The main focus is on Shadow, one of only a few characters every written that should be a real life human being. He probably is. There is likely to be a huge, gentle guy who is just trying to get along with life that has so far kind of sucked. Shadow has been imprisoned for three years and, days before release, his wife is killed in an accident that reveals she had been having an affair. So he takes a job offer from a persistent old man called Wednesday to be his bodyguard-come-errand boy. He then becomes part of a larger issue, a war between the gods of old and the new gods of electricity, the freeway, and media.

Intermittent with Shadow’s story are separate tales of how the gods of old came to America and how they are surviving now. It gets pretty graphic.

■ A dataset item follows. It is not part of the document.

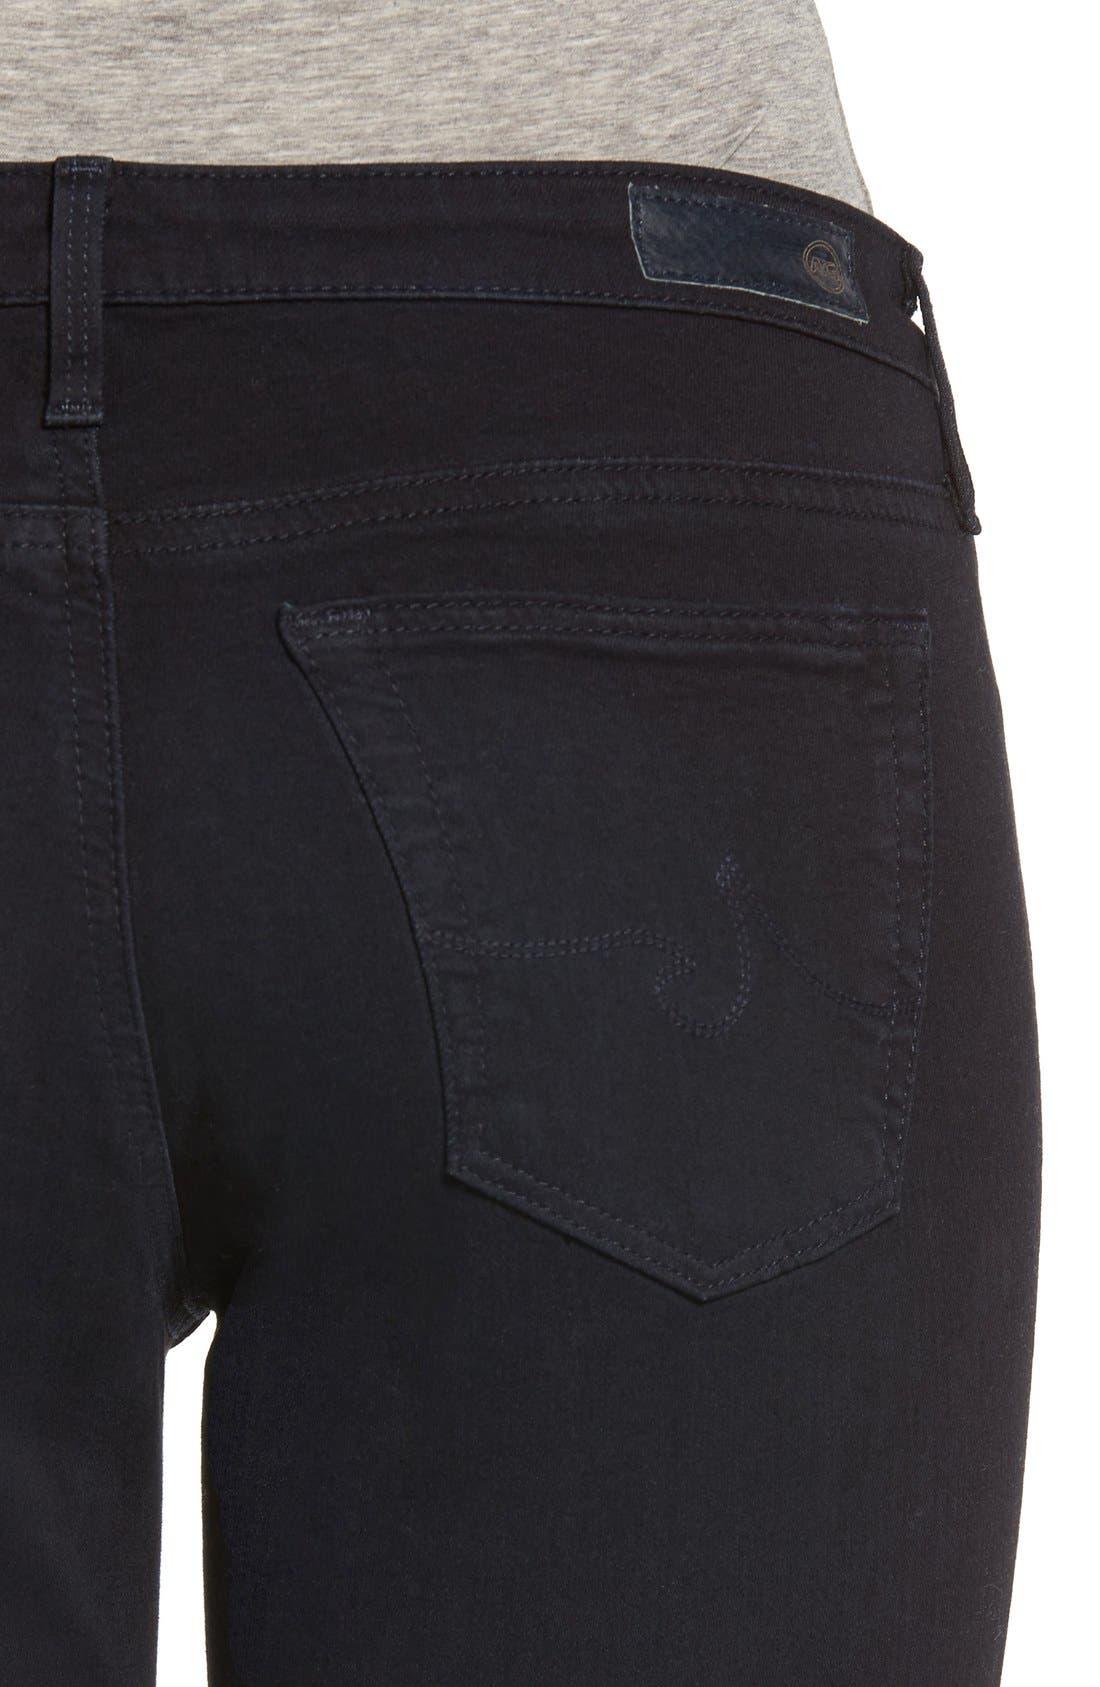 'The Stilt' Cigarette Skinny Jeans,                             Alternate thumbnail 20, color,

The storytelling is beautiful, interwoven tales from the past that serve to build up this rich history of America and its relationship with religion. How the gods who are dying out in the USA have different versions of themselves in other countries who thrive. Just the idea that the All Father has to become a grifter to survive is bizarre, even to an Atheist who would rather believe that Odin and his family are in Asgard in another realm.

Shadow is without doubt one of my favourite characters ever written. He is this beautiful, innocent soul who is getting by as best he can. You might find my assessment odd, especially calling a ex-con ‘innocent’, but its how I interpreted the character.

Shadow has this whole world of conflict he needs to deal with that was never in his imagination. Gods being real? His dead wife cheating? His dead wife coming back? The most perfect town in America actually holding an awful, dreadful secret? Its never too much for him. Well, thats not true. But he takes it, he goes with it and makes the best decision he can.

I’m two thirds the way through re-reading and I had forgotten a lot of the content in six years. I think thats probably a good gap between readings or I may be too disturbed to sleep a lot of the time, or I’ll just want to go back to school to study every myth and religion going. I do remember how I felt at the end of the novel, which I suspect is how I will feel this time too, which was oddly satisfied and happy. I felt very calm, that it had come to a conclusion I was ok with and felt was true to the story.